» Given information:
══════════

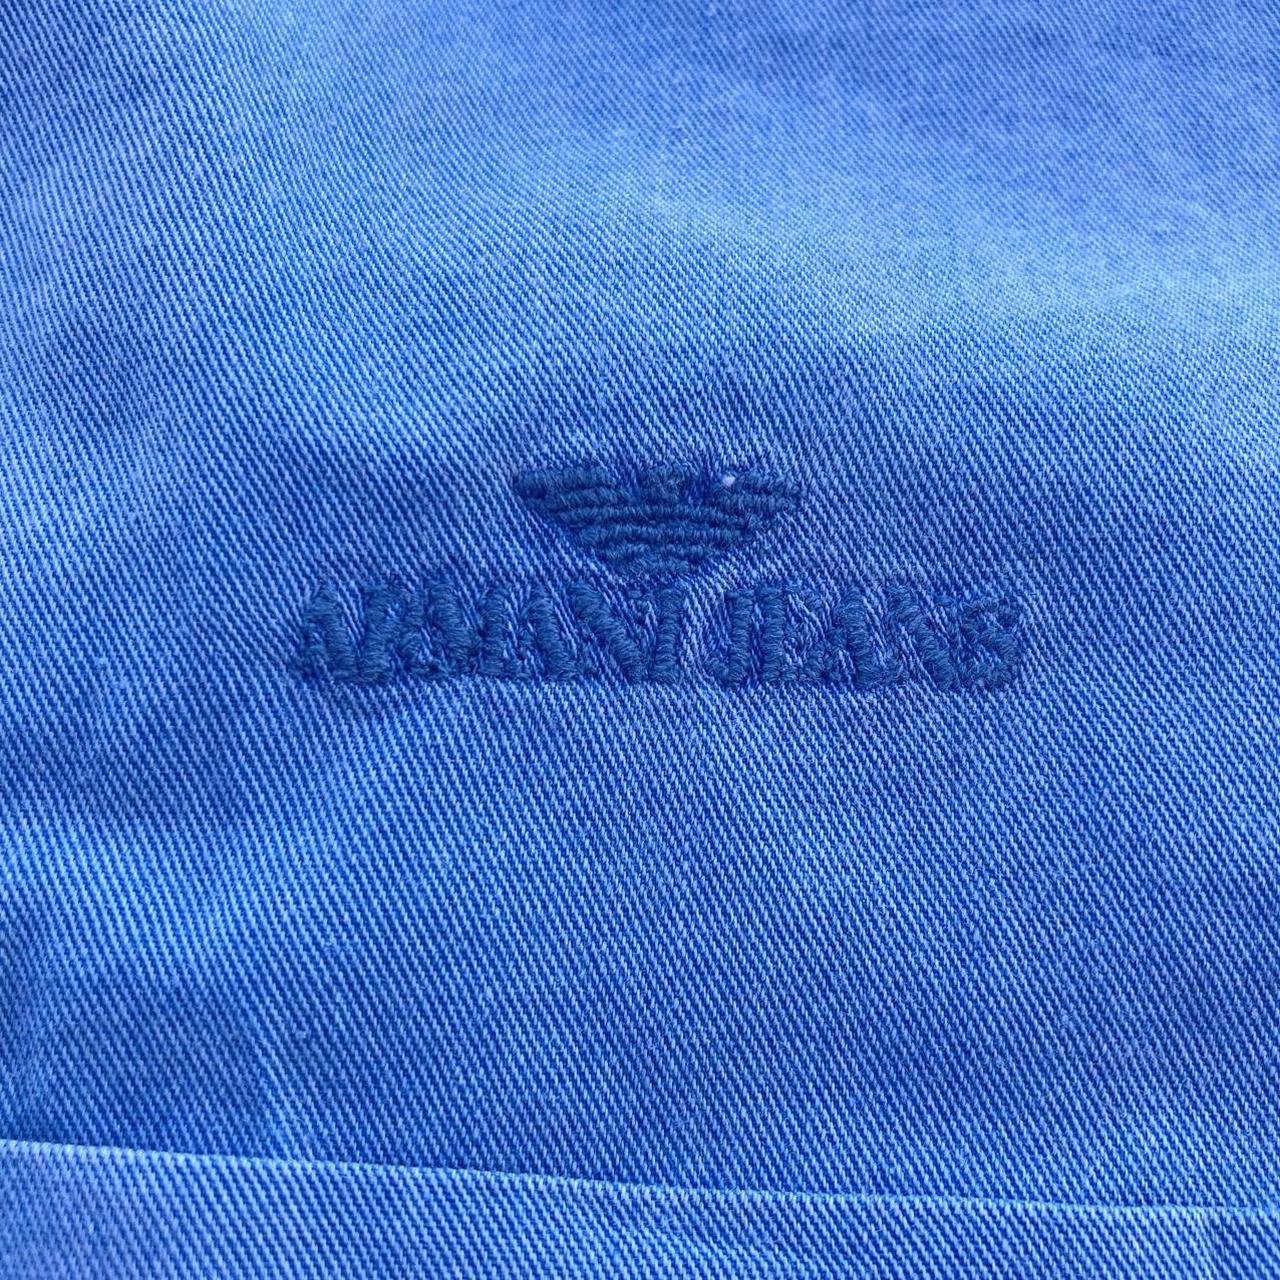 Armani Jeans Men's Blue Shirt | Depop
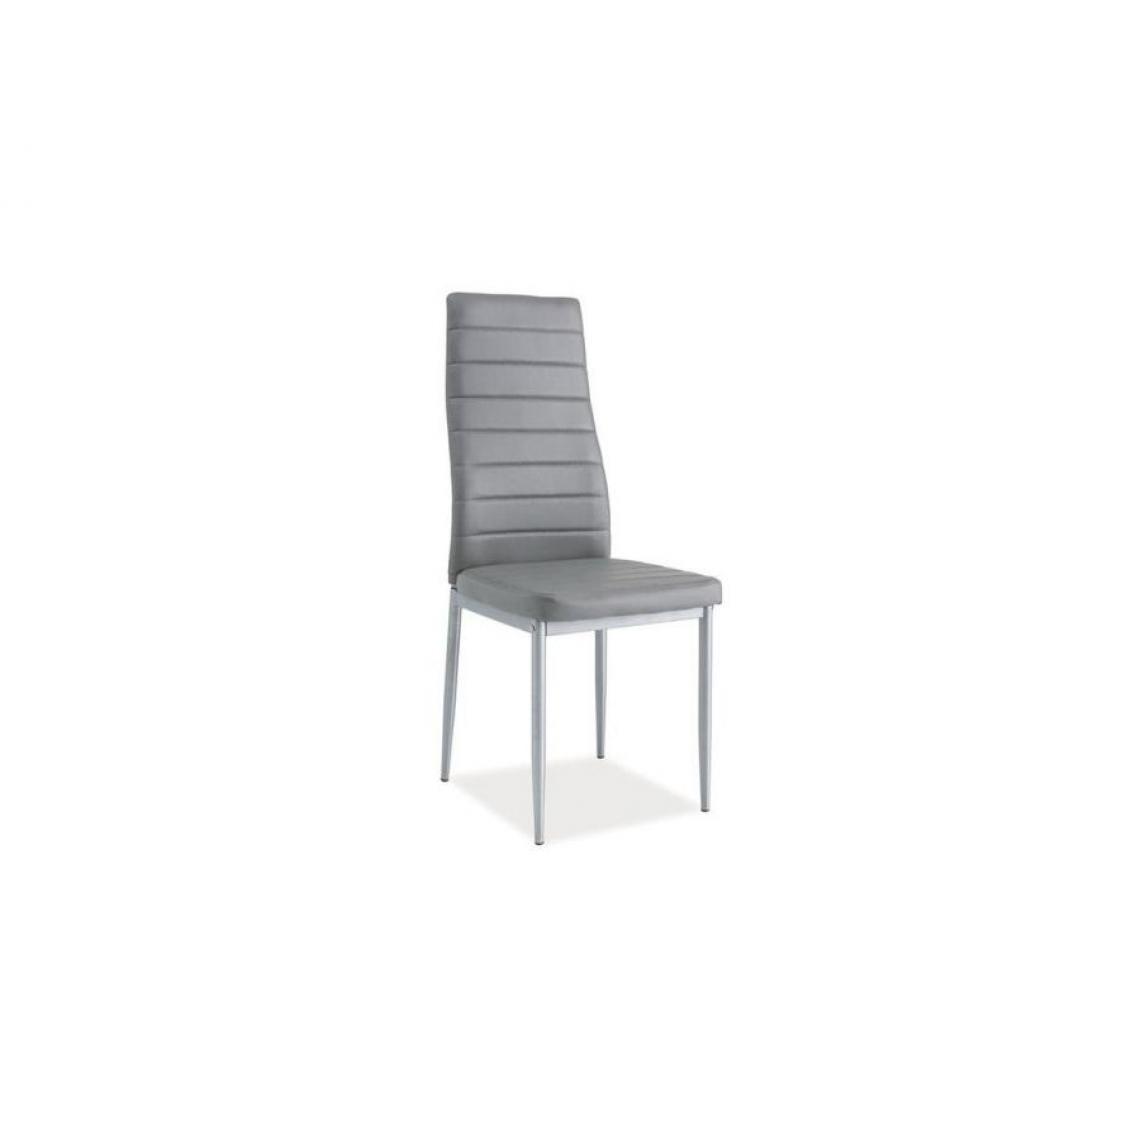 Hucoco - WERI | Chaise minimaliste intérieurs modernes | 96x40x38 cm | Rembourrage cuir écologique | Chaise salon/bureau/salle à manger - Gris - Chaises
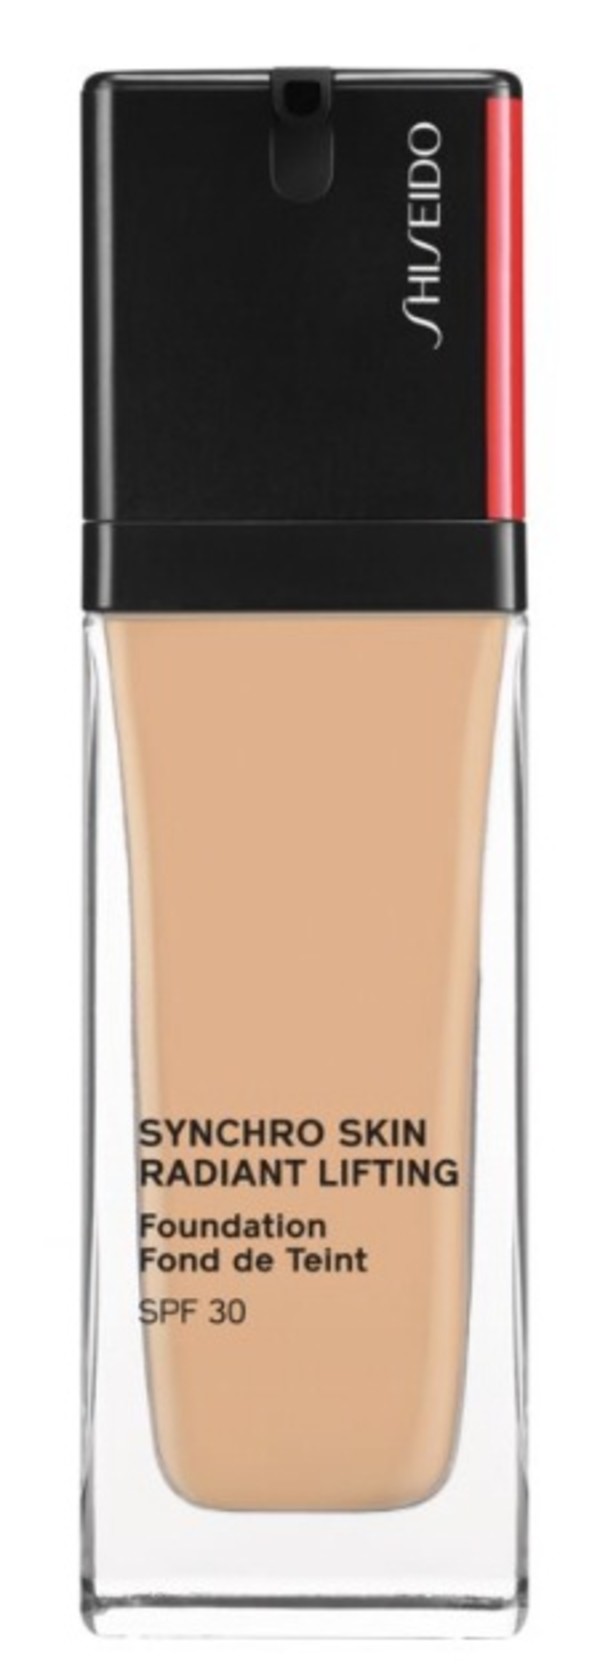 Synchro Skin Radiant Lifting 310 Podkład w płynie
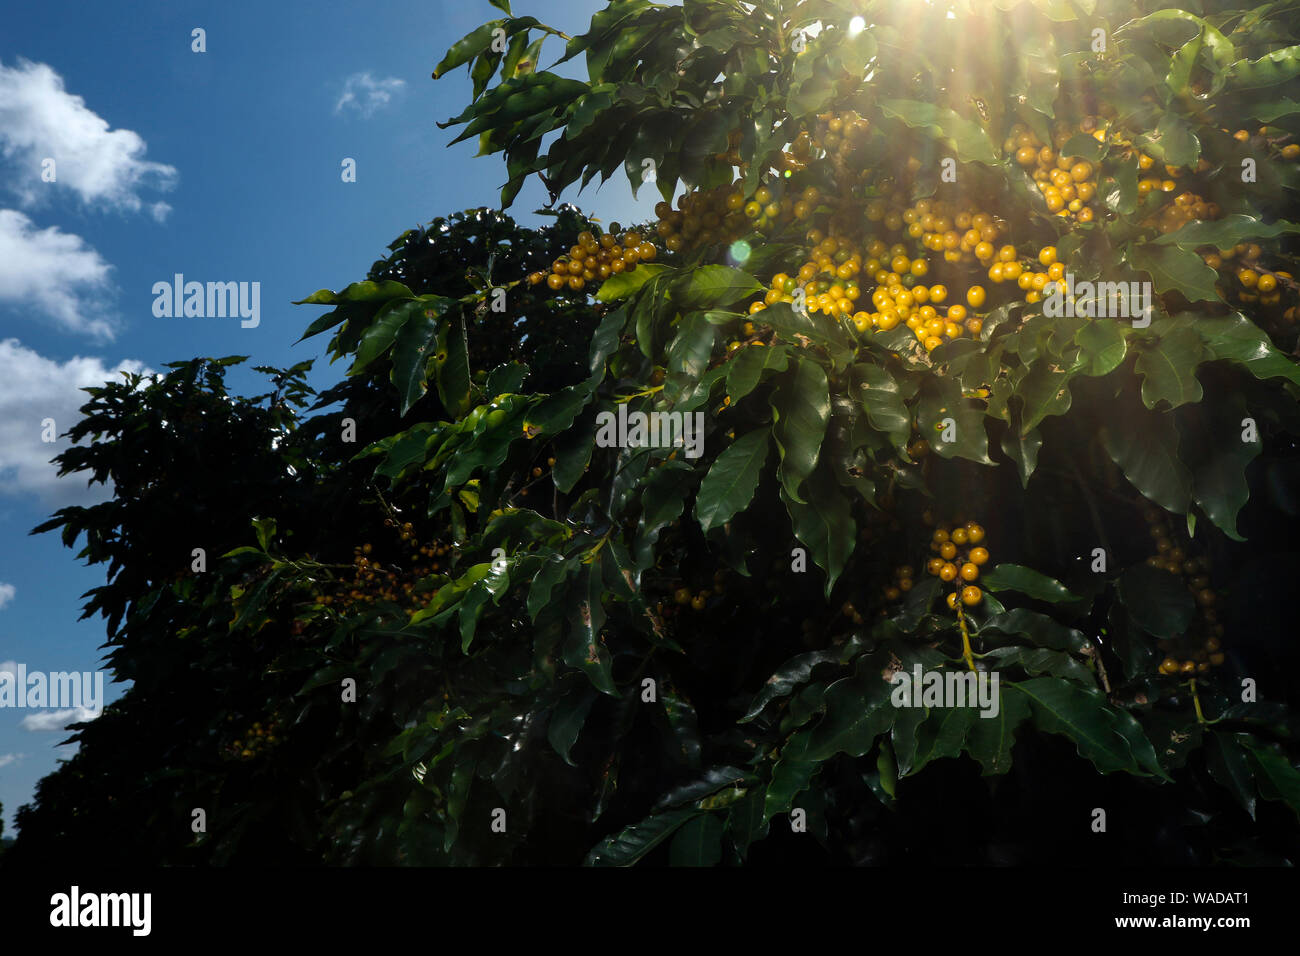 Ver granja con plantación de café. Los agronegocios. Cosecha de café con granos de color amarillo, verde follaje y cielo azul. Foto de stock

══════════

Except for the pictures, please retype the listing above exactly.

 Armani Jeans Men's Blue Shirt | Depop
 Hucoco - WERI | Chaise minimaliste intérieurs modernes | 96x40x38 cm | Rembourrage cuir écologique | Chaise salon/bureau/salle à manger - Gris - Chaises
 Synchro Skin Radiant Lifting 310 Podkład w płynie
 Ver granja con plantación de café. Los agronegocios. Cosecha de café con granos de color amarillo, verde follaje y cielo azul. Foto de stock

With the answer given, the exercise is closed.